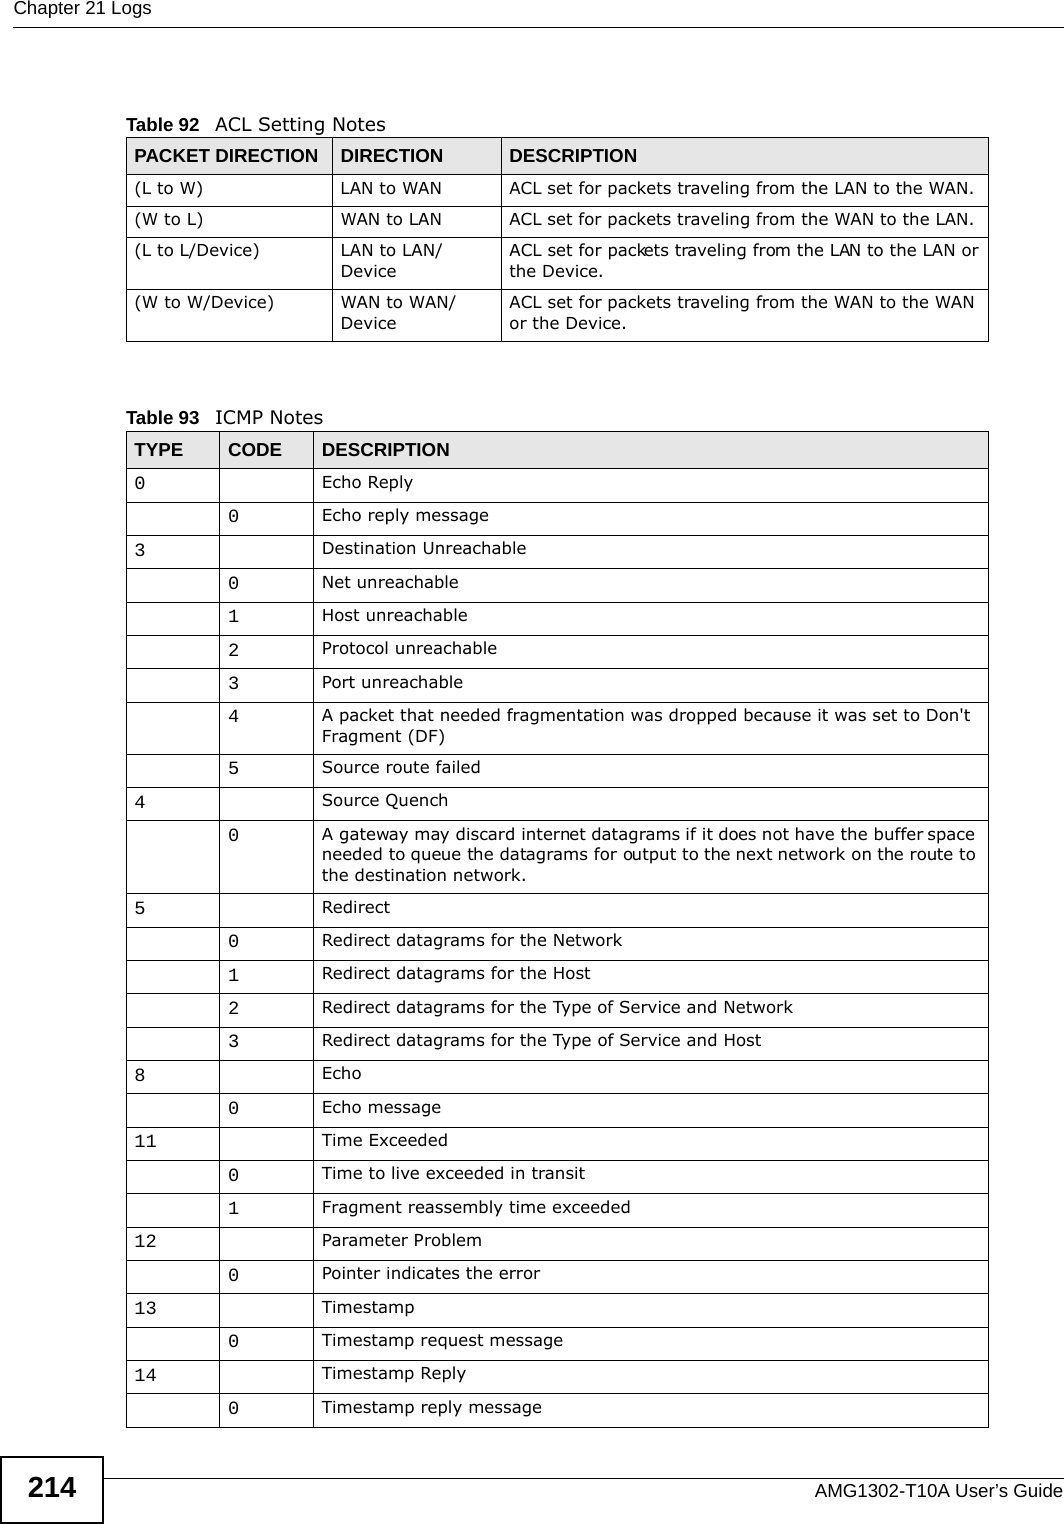 Chapter 21 LogsAMG1302-T10A User’s Guide214 Table 92   ACL Setting NotesPACKET DIRECTION DIRECTION DESCRIPTION(L to W) LAN to WAN ACL set for packets traveling from the LAN to the WAN.(W to L) WAN to LAN ACL set for packets traveling from the WAN to the LAN.(L to L/Device) LAN to LAN/DeviceACL set for packets traveling from the LAN to the LAN or the Device.(W to W/Device) WAN to WAN/DeviceACL set for packets traveling from the WAN to the WAN or the Device.Table 93   ICMP NotesTYPE CODE DESCRIPTION0Echo Reply0Echo reply message3Destination Unreachable0Net unreachable1Host unreachable2Protocol unreachable3Port unreachable4A packet that needed fragmentation was dropped because it was set to Don&apos;t Fragment (DF)5Source route failed4Source Quench0A gateway may discard internet datagrams if it does not have the buffer space needed to queue the datagrams for output to the next network on the route to the destination network.5Redirect0Redirect datagrams for the Network1Redirect datagrams for the Host2Redirect datagrams for the Type of Service and Network3Redirect datagrams for the Type of Service and Host8Echo0Echo message11 Time Exceeded0Time to live exceeded in transit1Fragment reassembly time exceeded12 Parameter Problem0Pointer indicates the error13 Timestamp0Timestamp request message14 Timestamp Reply0Timestamp reply message
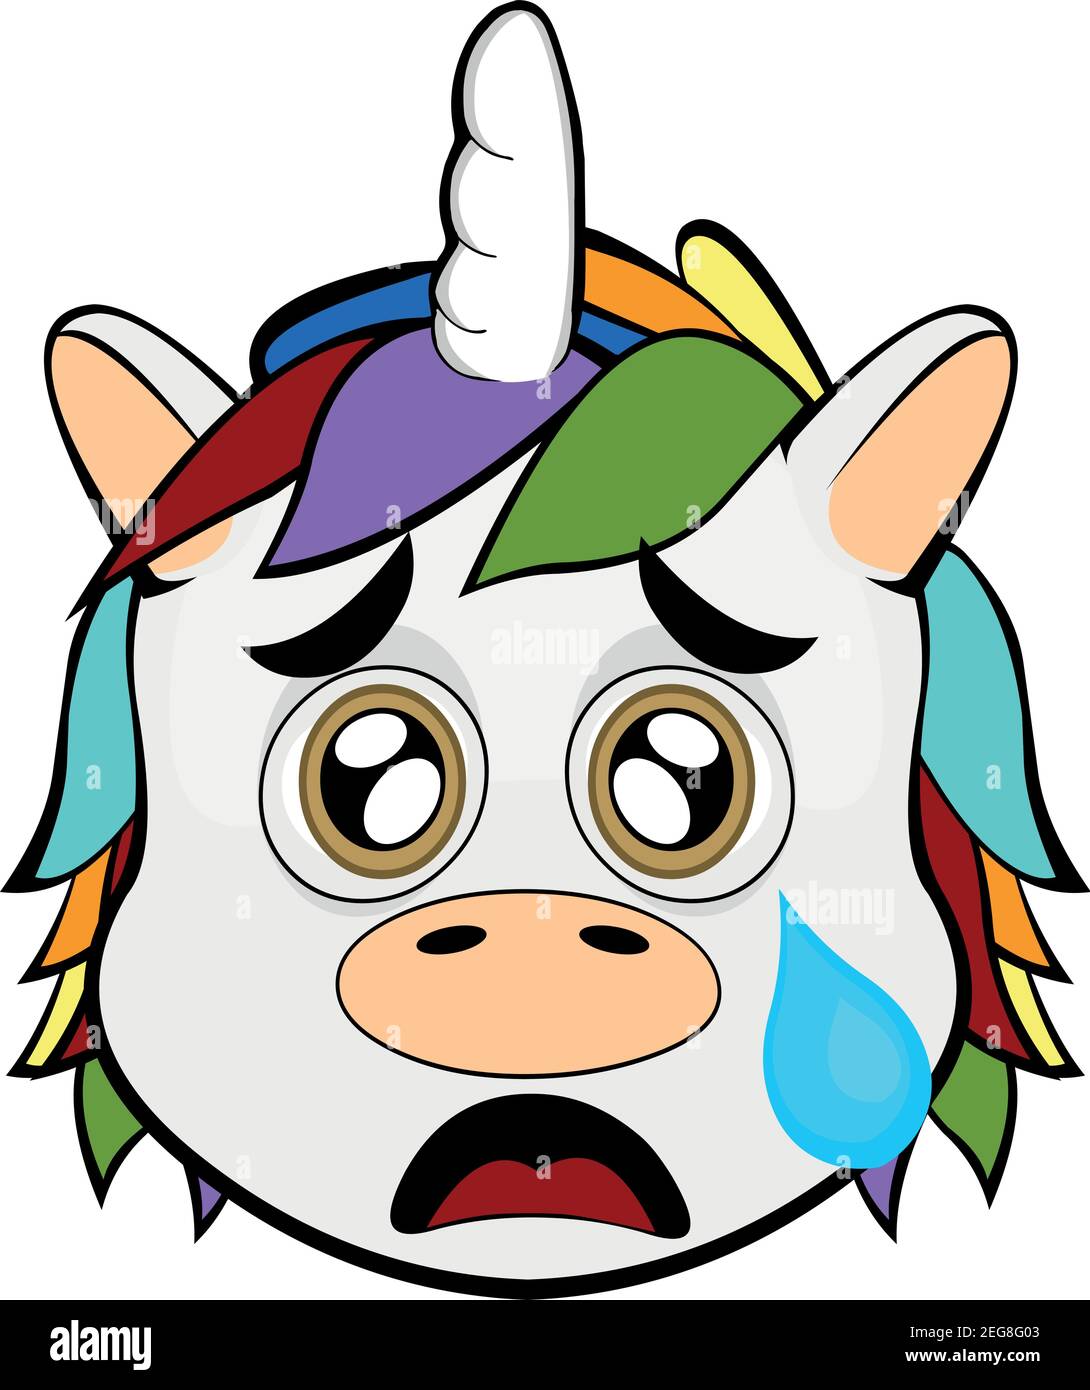 Vector emoticon illustration cartoon of an unicorn´s head with a sad expression and crying with a tear falling from its eye over its cheek Stock Vector
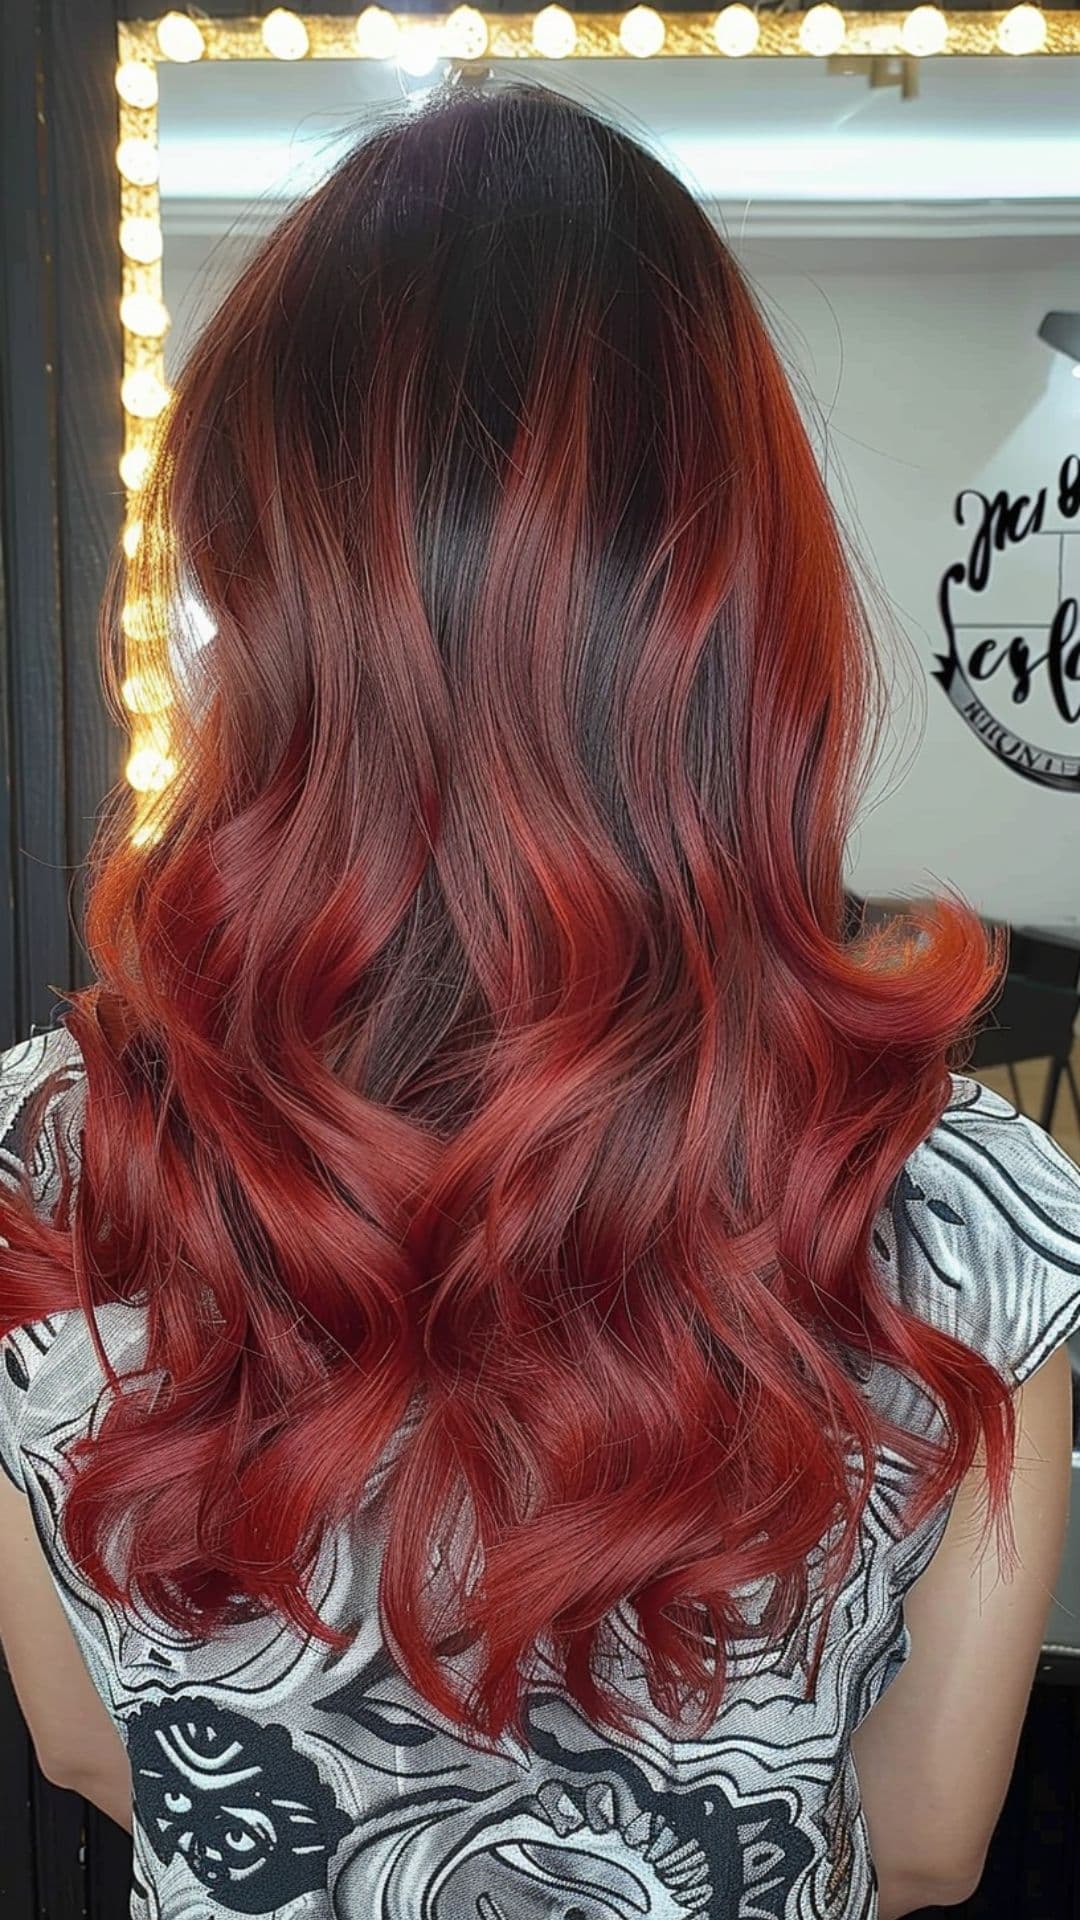 A woman modelling a red ombre hair.
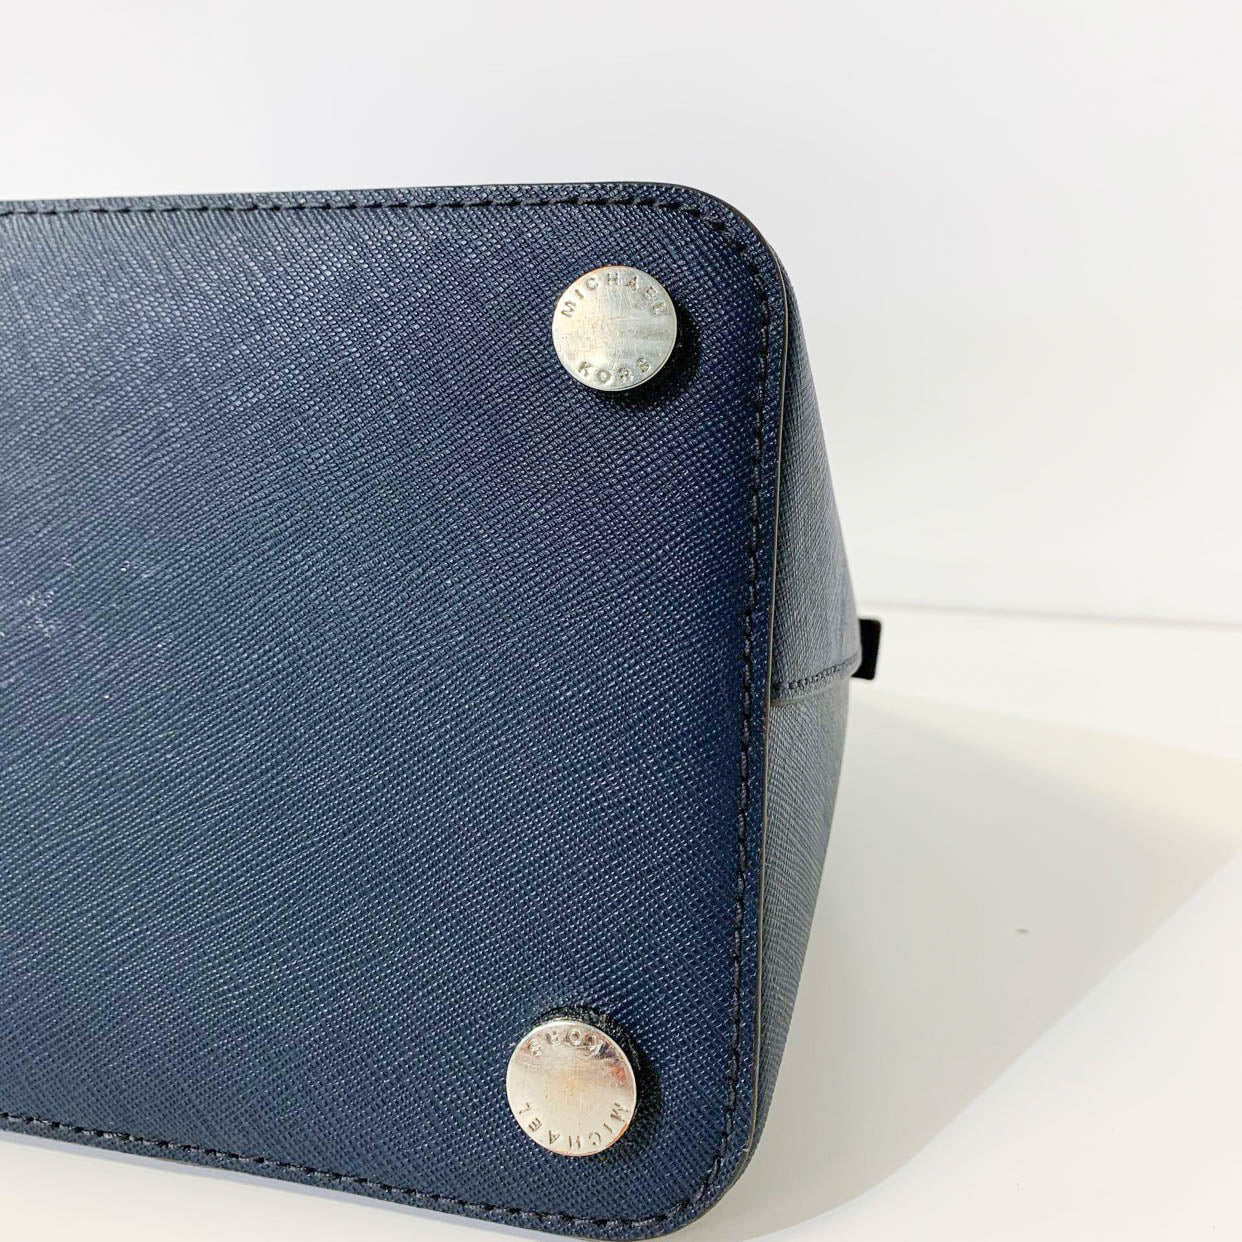 Navy Saffiano Leather Top Handle Bag

Exercise: Retype the data above exactly. Leave the pictures out.

Exercise answer:
 Chapter 21 LogsAMG1302-T10A User’s Guide214 Table 92   ACL Setting NotesPACKET DIRECTION DIRECTION DESCRIPTION(L to W) LAN to WAN ACL set for packets traveling from the LAN to the WAN.(W to L) WAN to LAN ACL set for packets traveling from the WAN to the LAN.(L to L/Device) LAN to LAN/DeviceACL set for packets traveling from the LAN to the LAN or the Device.(W to W/Device) WAN to WAN/DeviceACL set for packets traveling from the WAN to the WAN or the Device.Table 93   ICMP NotesTYPE CODE DESCRIPTION0Echo Reply0Echo reply message3Destination Unreachable0Net unreachable1Host unreachable2Protocol unreachable3Port unreachable4A packet that needed fragmentation was dropped because it was set to Don&apos;t Fragment (DF)5Source route failed4Source Quench0A gateway may discard internet datagrams if it does not have the buffer space needed to queue the datagrams for output to the next network on the route to the destination network.5Redirect0Redirect datagrams for the Network1Redirect datagrams for the Host2Redirect datagrams for the Type of Service and Network3Redirect datagrams for the Type of Service and Host8Echo0Echo message11 Time Exceeded0Time to live exceeded in transit1Fragment reassembly time exceeded12 Parameter Problem0Pointer indicates the error13 Timestamp0Timestamp request message14 Timestamp Reply0Timestamp reply message
 Vector emoticon illustration cartoon of an unicorn´s head with a sad expression and crying with a tear falling from its eye over its cheek Stock Vector
 A woman modelling a red ombre hair.
 Navy Saffiano Leather Top Handle Bag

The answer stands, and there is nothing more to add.